В бессознательного луже
Только тонкая подсказка – замечай
Лишь тогда она подружит
С тем, кто этого заслужит невзначай
Карелия
Ваши ночи белей Петербургских
Пошумите ещё, трясогузки,
Потревожьтесь —
Слуховой то впитаю я губкой
И на суд понесу правдолюбке
– Это ложь здесь?
Эх, балда, побоялась бы Бога:
Это ель здесь стоит хвойнонога,
Хвойнорука,
А поодаль лежит Рускеала[1],
Где природа тебе издавала
Прелесть звука!
Ключ от двери таинственной сыщен:
Последождичным нос мой насыщен
Петрикором[2],
А озёр светло-синие очи
Отражают белейшие ночи —
Ждут Аврору[3].
Глубина не имела значения —
Все природные нам облачения
Стали впору,
Но озёр тёмно-синие очи
Позабыли зачем-то нас очень…
Очень скоро
И был вечер, и было утро
И был вечер, и было утро.
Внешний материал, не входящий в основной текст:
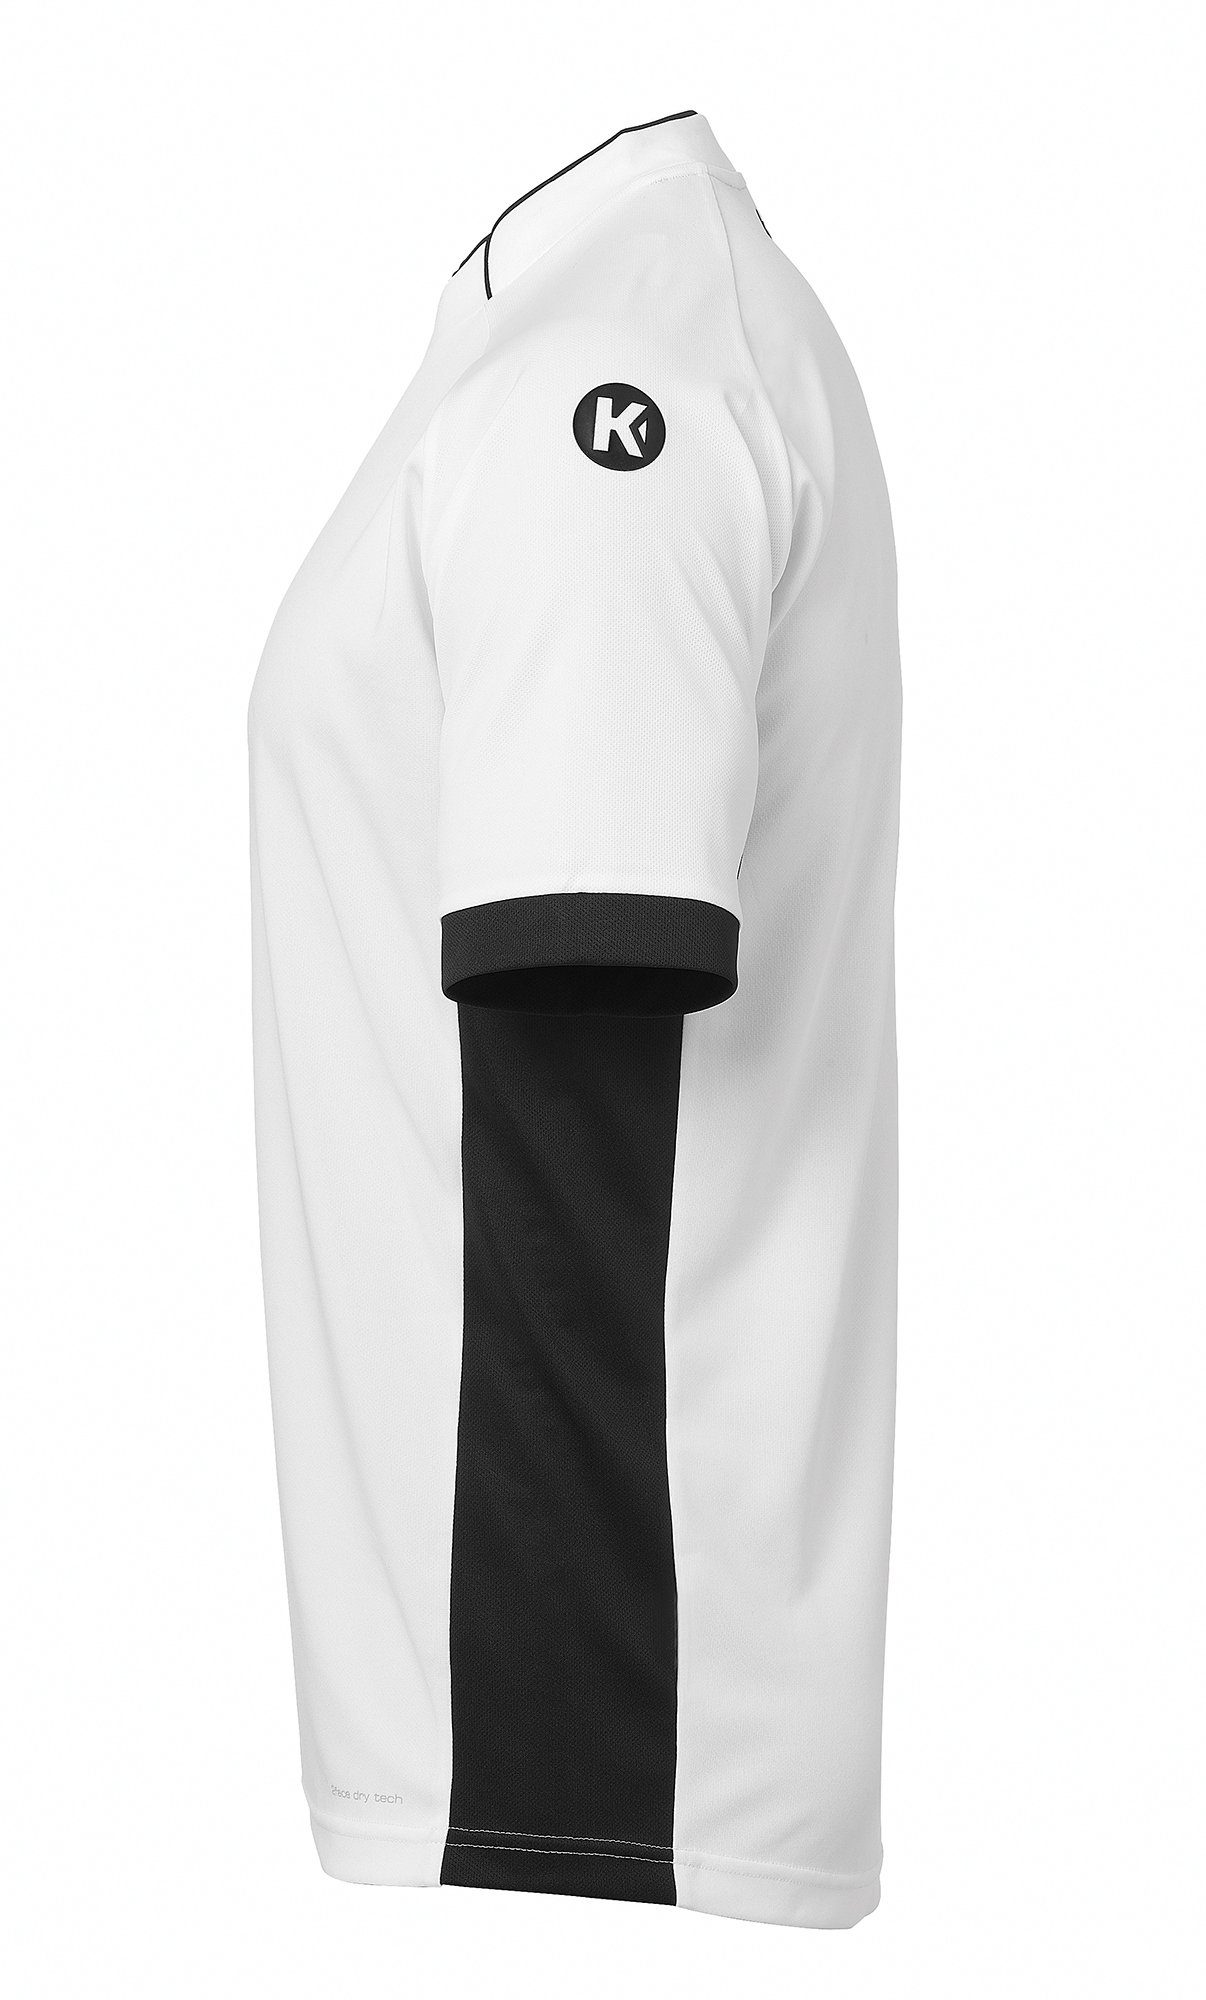 Kempa PRIME weiß/schwarz TRIKOT Trainingsshirt Shirt schnelltrocknend Kempa

И день был первый:
Был азарта наполнен стан и под костью червы,
Точно карты масть, бились быстро, но скрупулёзно
Прекращайте переживать, чтоб не стало поздно
Замедляйтесь, что будет дух, что помыслит демон
Ускорением – бесполезен и недоделан
Что за люд! Что ни час – то боль, что ни день – вздыхают
На седьмой же Творцы заслуженно отдыхают?..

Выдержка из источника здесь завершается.